Consider it the ultimate health twofer. A new Northwestern Medicine study shows the behaviors and risk factors that reduce the incidence of heart disease also substantially lower the risk of lung, breast, prostate and colon cancers by up to nearly 40 percent.
This is the first study to examine the effect of seven key healthy cardiovascular behaviors and risk factors on cancer incidence. Those seven measures include a healthy diet, plenty of physical activity, no smoking, healthy body weight and blood pressure and ideal levels of cholesterol and blood sugar.

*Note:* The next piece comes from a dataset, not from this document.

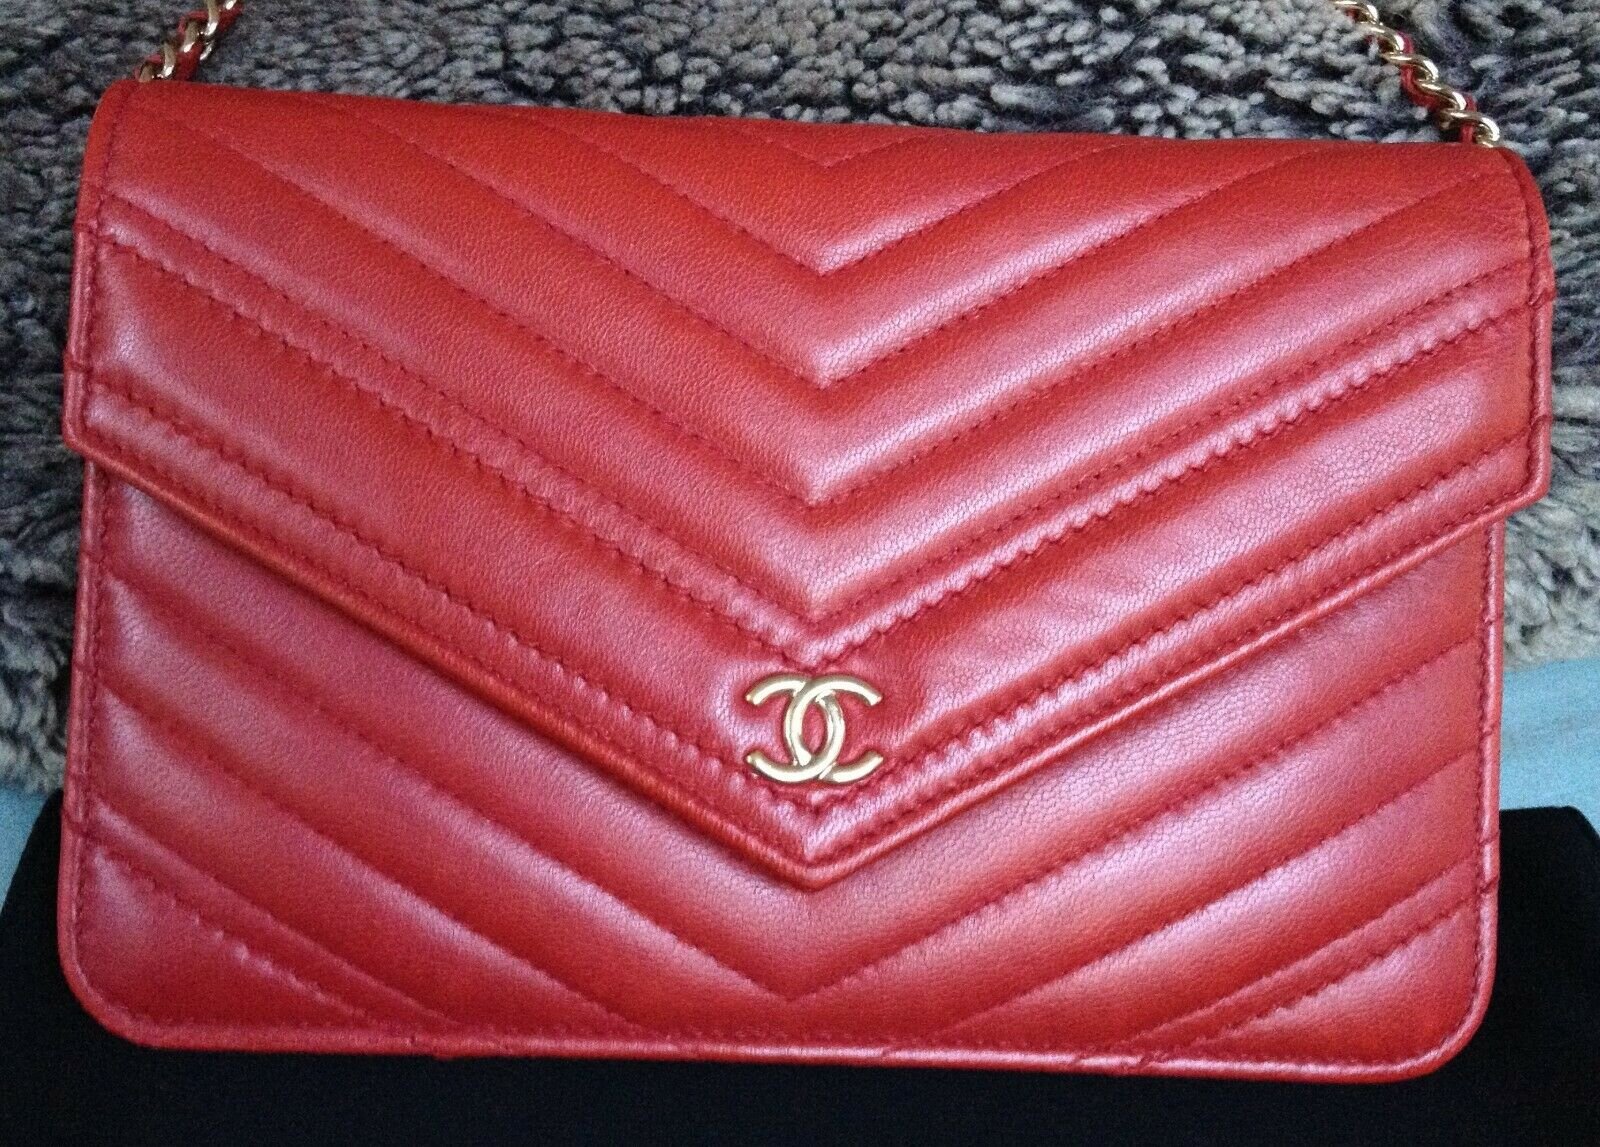 MINT 2017 Chanel Red Quilted Chevron Leather Gold Chain Crossbody WOC ...

Having just one of them lowered the risk of cancer by 20 percent; and having five to seven of them cut the risk by almost 40 percent.
It’s known that some of these individual factors protect against cancer, but no one had ever looked at the cumulative effect of all seven, known as the American Heart Association’s (AHA) Life’s Simple 7.
The research was presented Nov. 16 at the AHA Scientific Sessions 2011 in Orlando.
“It’s a big bonus that a healthy lifestyle not only protects you from cardiovascular disease but also helps you avoid cancer,” said lead investigator Laura Rasmussen-Torvik, PhD, an assistant professor of preventive medicine at Northwestern University Feinberg School of Medicine. “That awareness should provide extra motivation for people to adopt these behaviors. Even if we remove smoking from our score, we still see the overall beneficial effect.”
For the study, researchers looked at data from 13,360 participants from the Atherosclerosis Risk in Communities (ARIC) study, a community-based cohort.
The research was funded by the National Heart, Lung and Blood Institute.